▸ Description of the task
Only the lines from the one holding "Ornament wreath group 1 1 lg6oqv" to the end of the data should be echoed, exactly as they appear, minus the pictures.

▸ Data extract
● ● ● ● ● ● ●

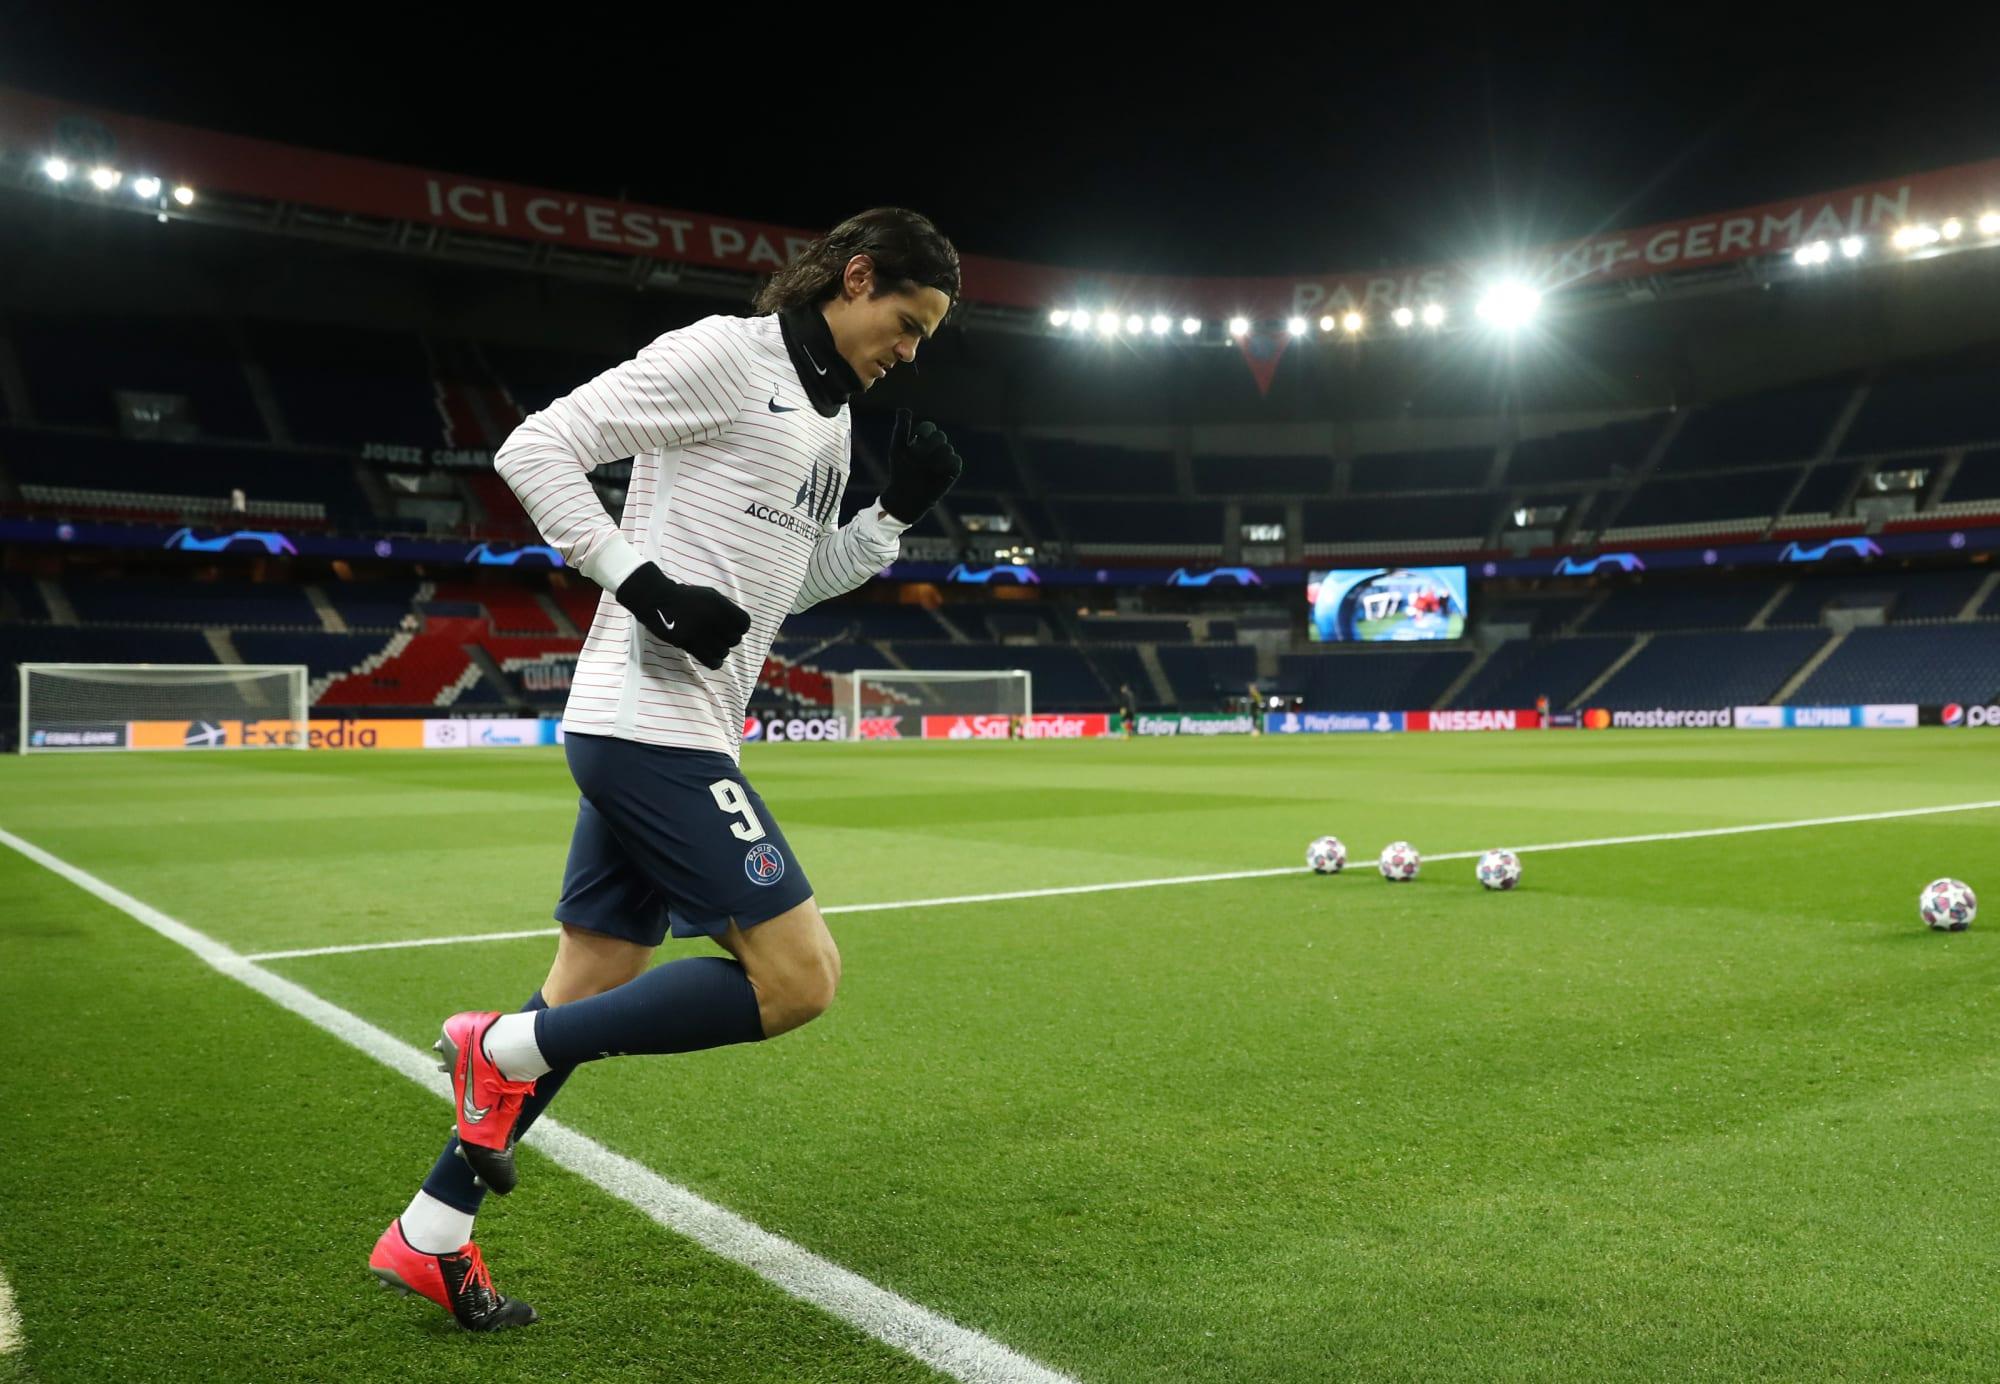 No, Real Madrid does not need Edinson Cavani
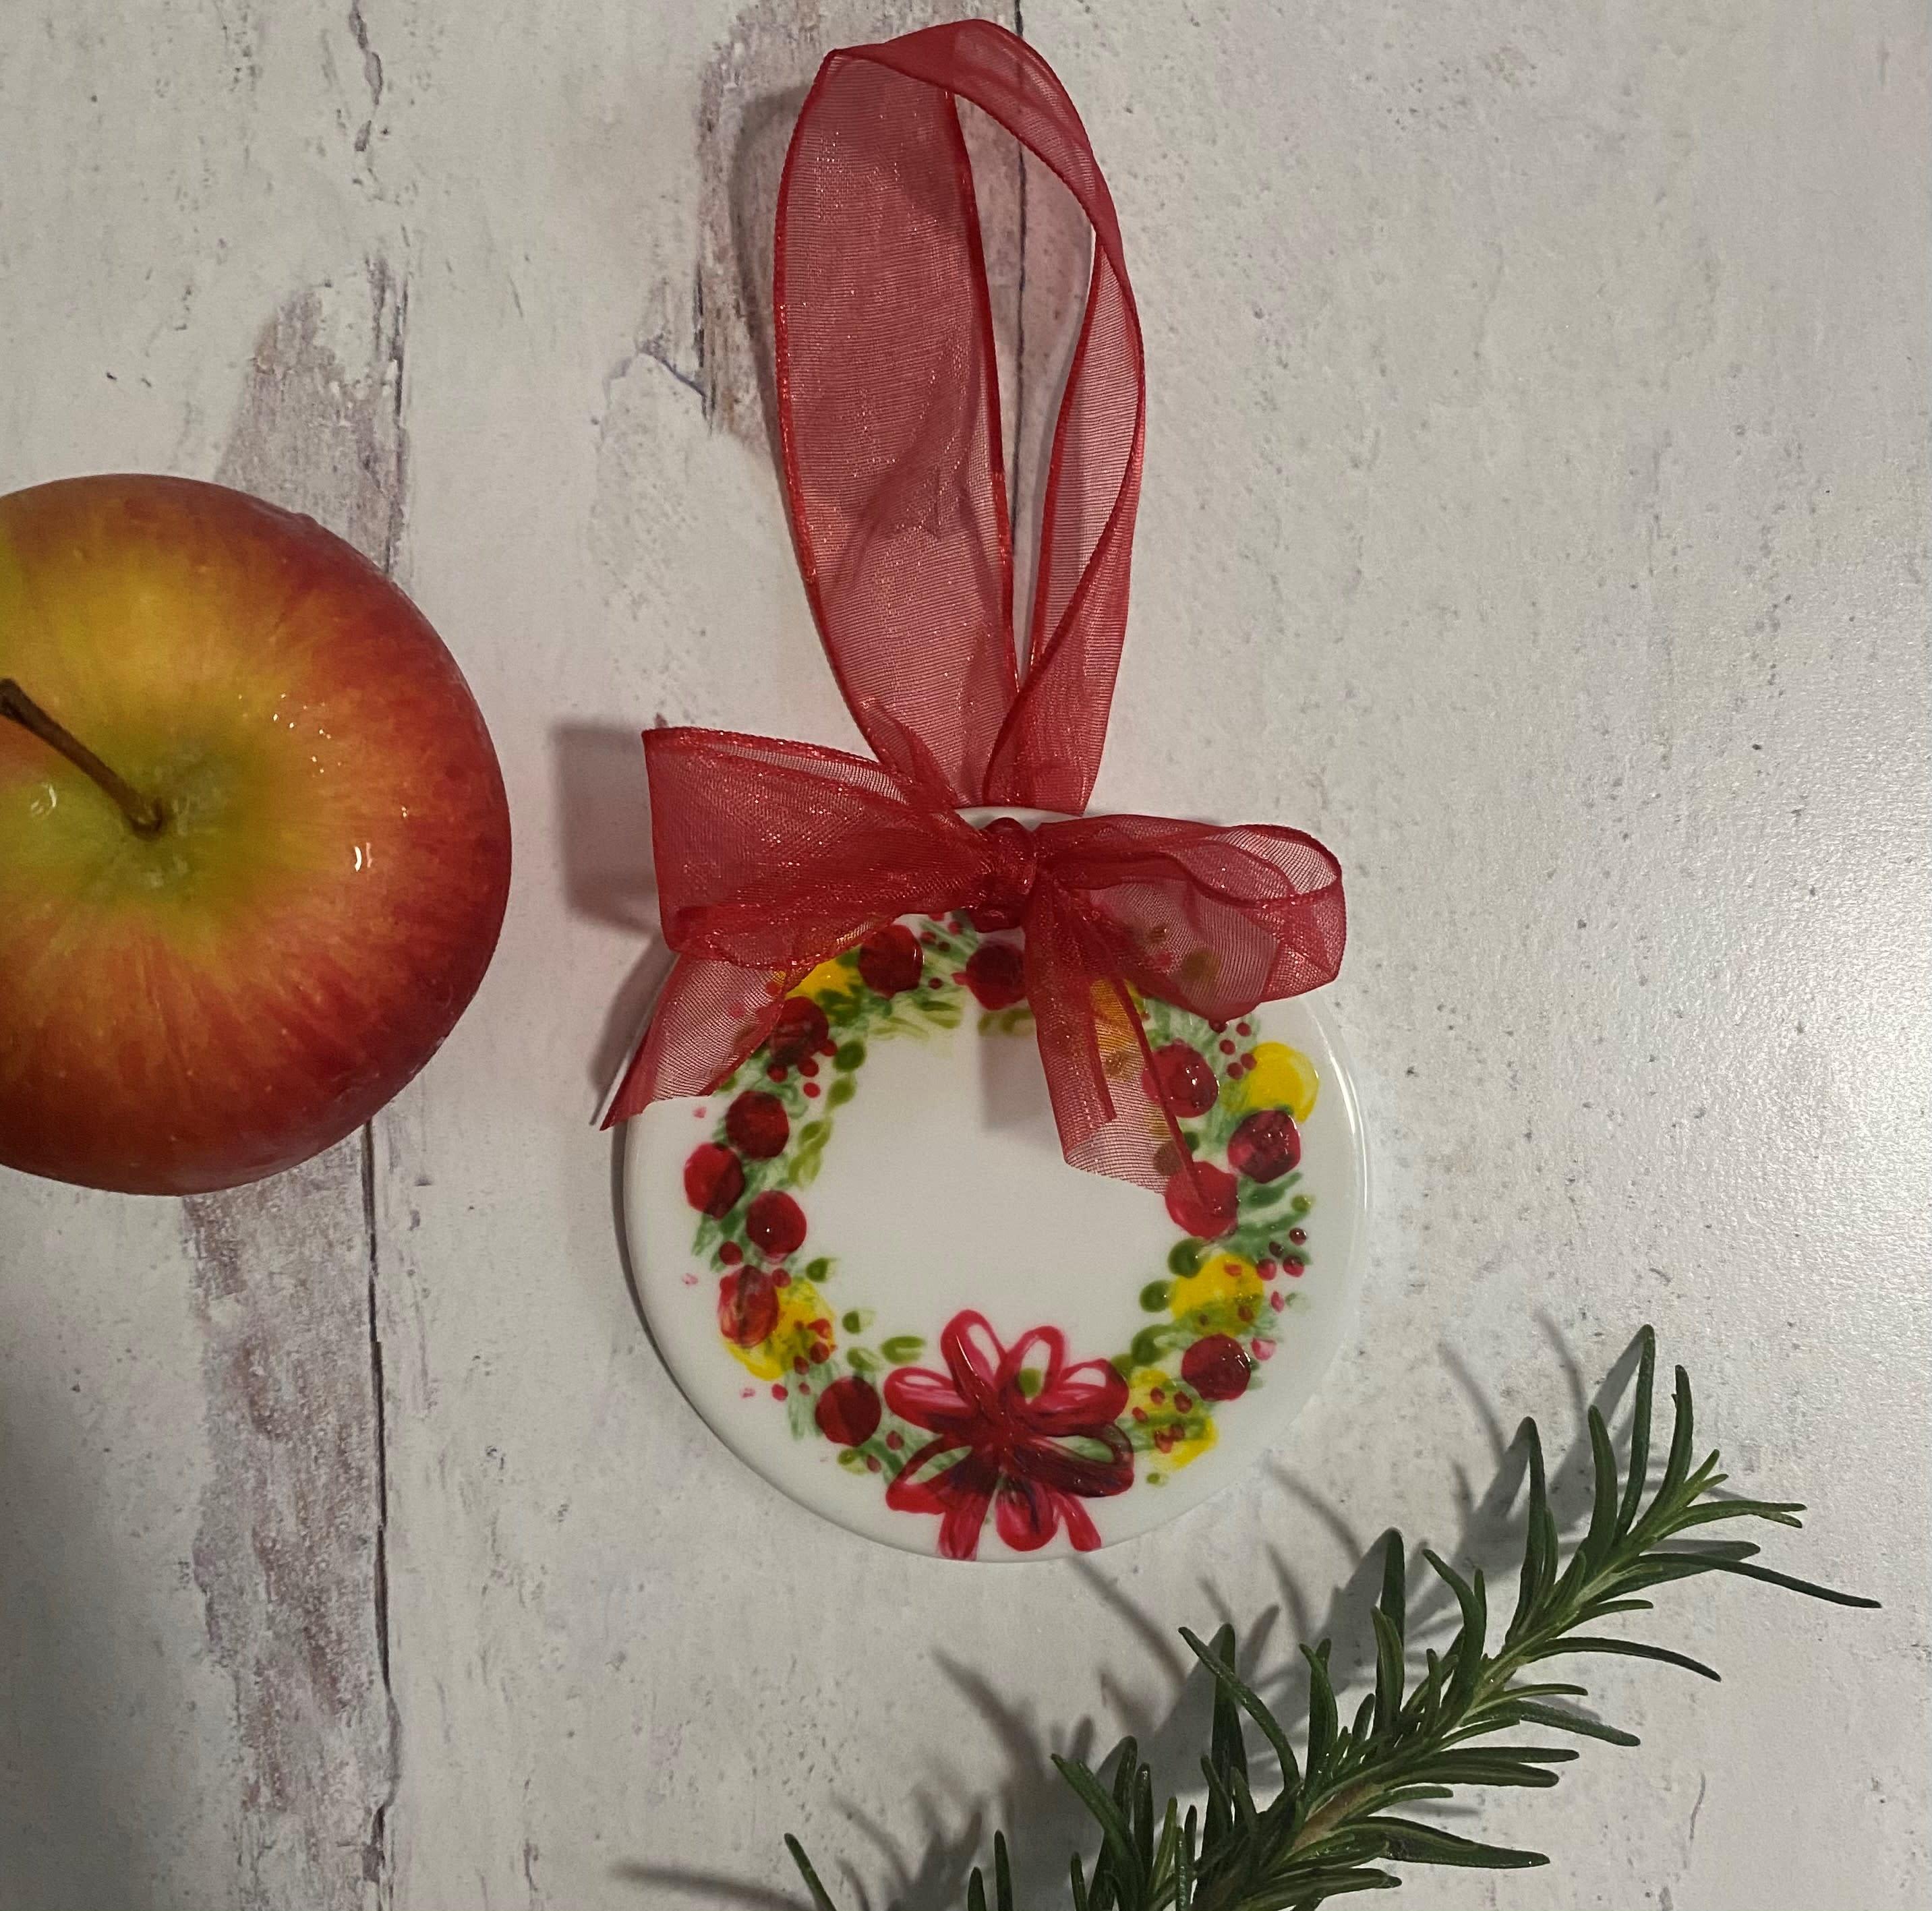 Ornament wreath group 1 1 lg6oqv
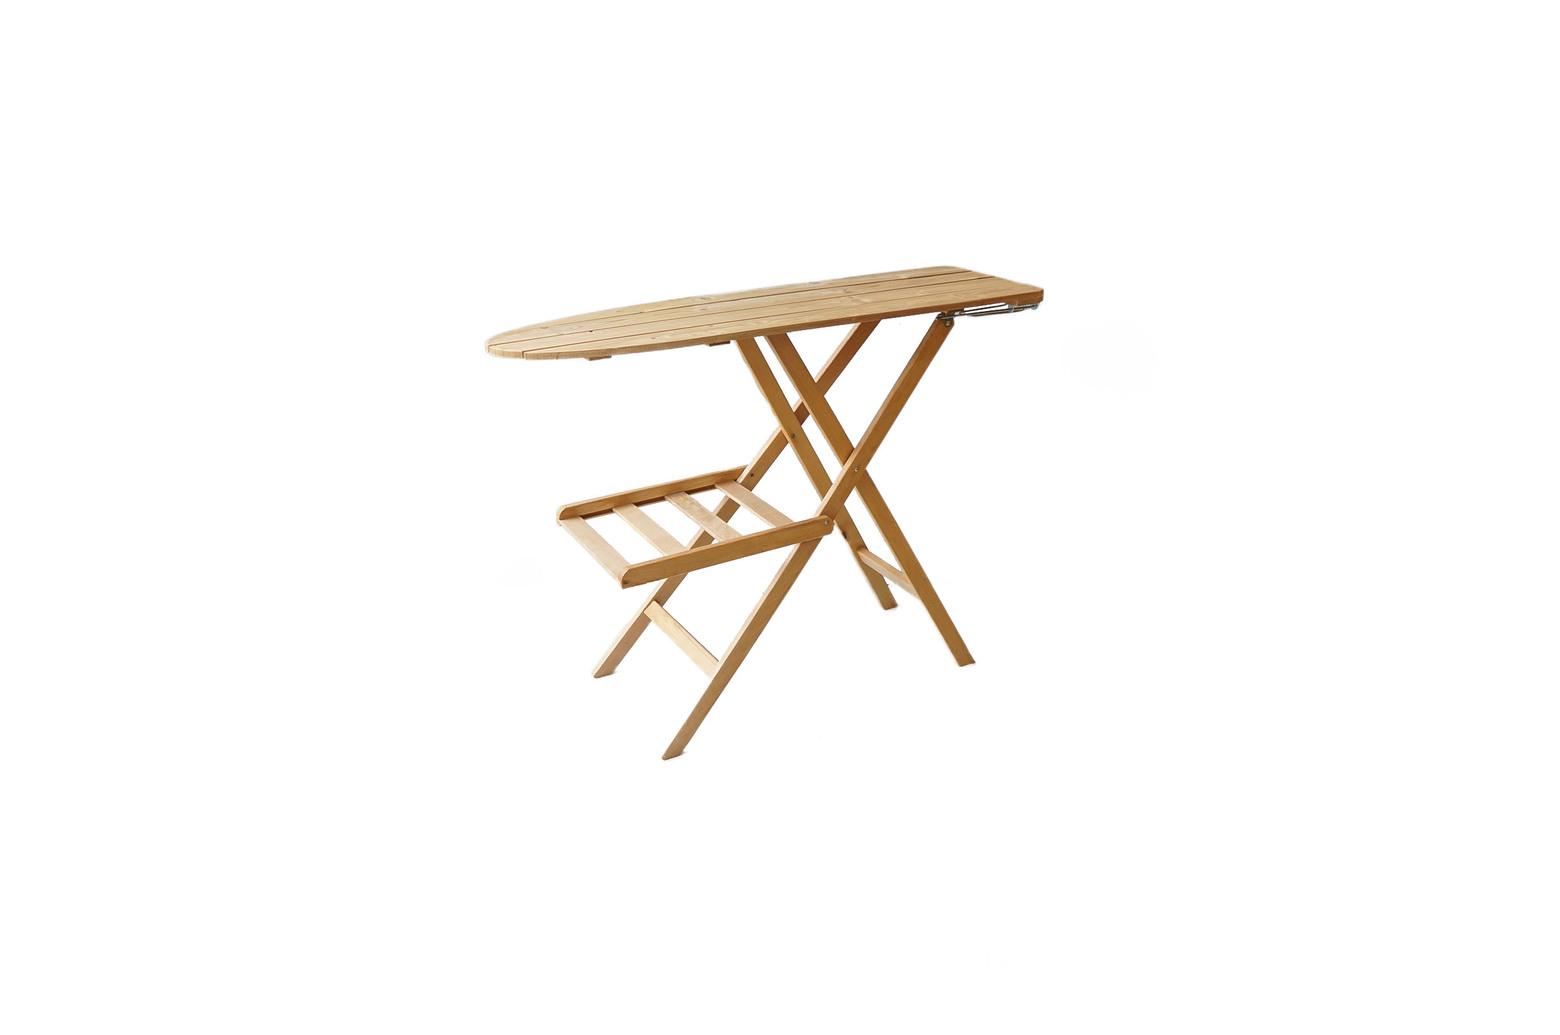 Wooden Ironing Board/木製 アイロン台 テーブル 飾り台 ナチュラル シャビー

● ● ● ● ● ● ●

▸ Solution
 Ornament wreath group 1 1 lg6oqv
 Wooden Ironing Board/木製 アイロン台 テーブル 飾り台 ナチュラル シャビー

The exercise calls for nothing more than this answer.